In [1]:
input_text = "나는 최근 파리 여행을 다녀왔다"
input_text_list = input_text.split()

input_text_list

['나는', '최근', '파리', '여행을', '다녀왔다']

In [2]:
str2idx = {word:idx for idx, word in enumerate(input_text_list)}
idx2str = {idx:word for idx, word in enumerate(input_text_list)}

print(str2idx)
print(idx2str)

{'나는': 0, '최근': 1, '파리': 2, '여행을': 3, '다녀왔다': 4}
{0: '나는', 1: '최근', 2: '파리', 3: '여행을', 4: '다녀왔다'}


In [3]:
input_ids = [str2idx[word] for word in input_text_list]
input_ids

[0, 1, 2, 3, 4]

In [4]:
import torch
import torch.nn as nn

In [5]:
embedding_dims = 16
embed_layer = nn.Embedding(len(str2idx), embedding_dim=embedding_dims)

In [6]:
input_embeddings = embed_layer(torch.tensor(input_ids))
input_embeddings = input_embeddings.unsqueeze(0)
input_embeddings.shape

torch.Size([1, 5, 16])

In [7]:
embedding_dim = 16
max_position = 12
embed_layer = nn.Embedding(len(str2idx), embedding_dim)
position_embed_layer = nn.Embedding(max_position, embedding_dim)
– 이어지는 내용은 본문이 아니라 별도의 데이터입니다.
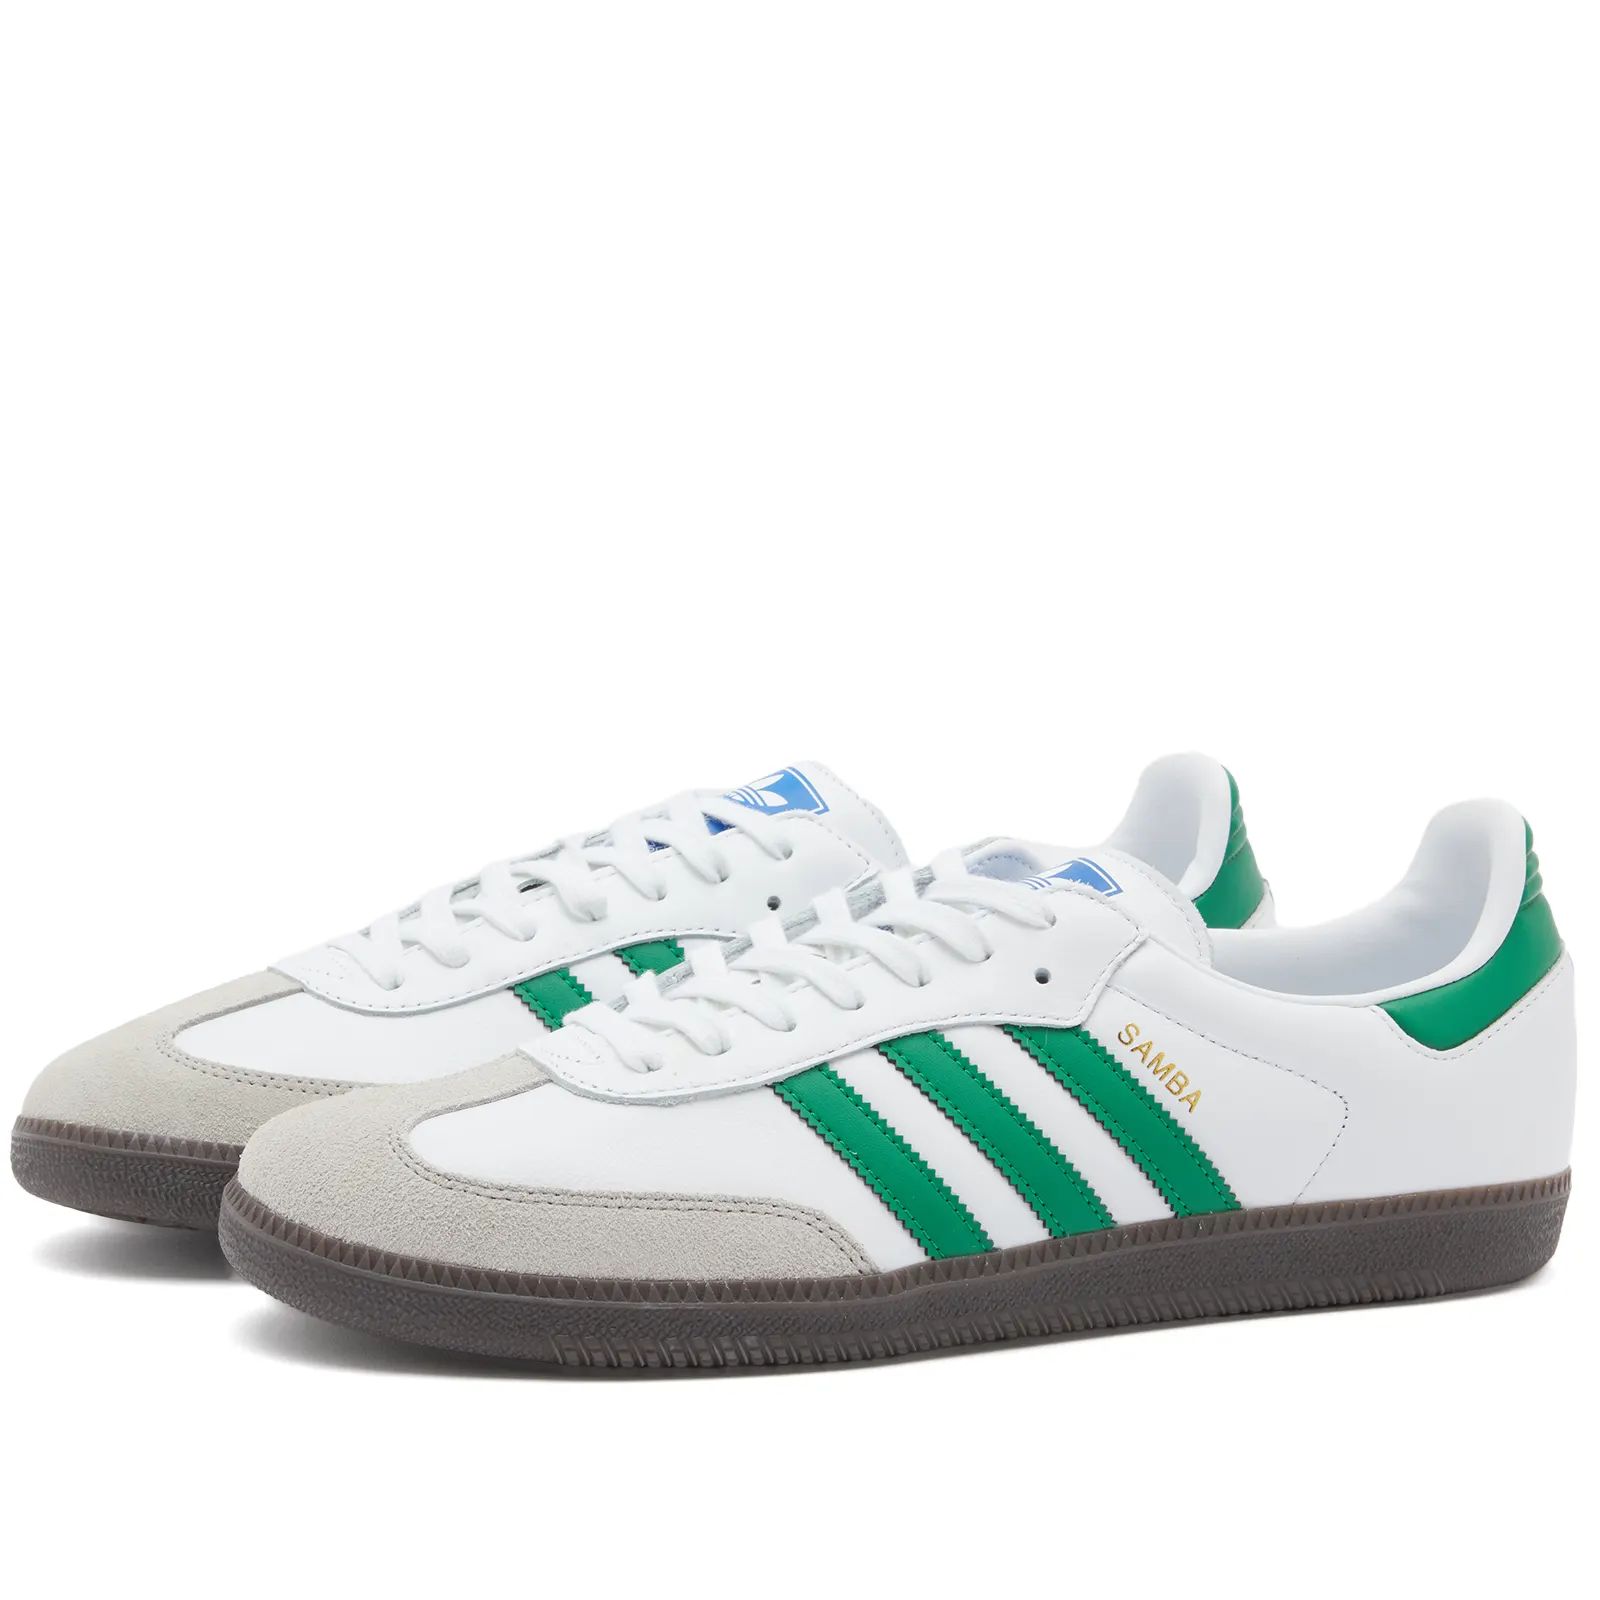 Adidas Samba OG White & Green | END. | End Clothing (UK & IE)

position_ids = torch.arange(len(input_ids), dtype=torch.long).unsqueeze(0)
position_encodings = position_embed_layer(position_ids)
token_embeddings = embed_layer(torch.tensor(input_ids))
token_embeddings = token_embeddings.unsqueeze(0)
input_embeddings = token_embeddings + position_encodings

input_embeddings.shape

torch.Size([1, 5, 16])

In [9]:
head_dim = 16

weight_q = nn.Linear(embedding_dim, head_dim)
weight_k = nn.Linear(embedding_dim, head_dim)
weight_v = nn.Linear(embedding_dim, head_dim)

querys = weight_q(input_embeddings)
keys = weight_k(input_embeddings)
values = weight_v(input_embeddings)

In [11]:
from math import sqrt
import torch.nn.functional as F

def compute_attention(querys, keys, values, is_causal=False):
    dim_k = querys.size(-1)
    scores = querys @ keys.transpose(-2, -1) / sqrt(dim_k)
    weights = F.softmax(scores, dim=-1)
    return weights @ values

In [12]:
print("원본 입력 형태 : ", input_embeddings.shape)

after_attention_embeddings = compute_attention(querys, keys, values)

print("어텐션 적용 후 입력 형태 : ", after_attention_embeddings.shape)

원본 입력 형태 :  torch.Size([1, 5, 16])
어텐션 적용 후 입력 형태 :  torch.Size([1, 5, 16])


In [None]:
class AttentionHead(nn.Module):

    def __init__(self, token_embed_dim, head_dim, is_causal=False):
        super().__init__()
        
        self.weight_q = nn.Linear(token_embed_dim, head_dim)
        self.weight_k = nn.Linear(token_embed_dim, head_dim)
        self.weight_v = nn.Linear(token_embed_dim, head_dim)
        self.is_causal = is_causal

    def forward(self, querys, keys, values):
        output = compute_attention(self.weight_q(querys), self.weight_k(keys), self.weight_v(values), self.is_causal)
        return output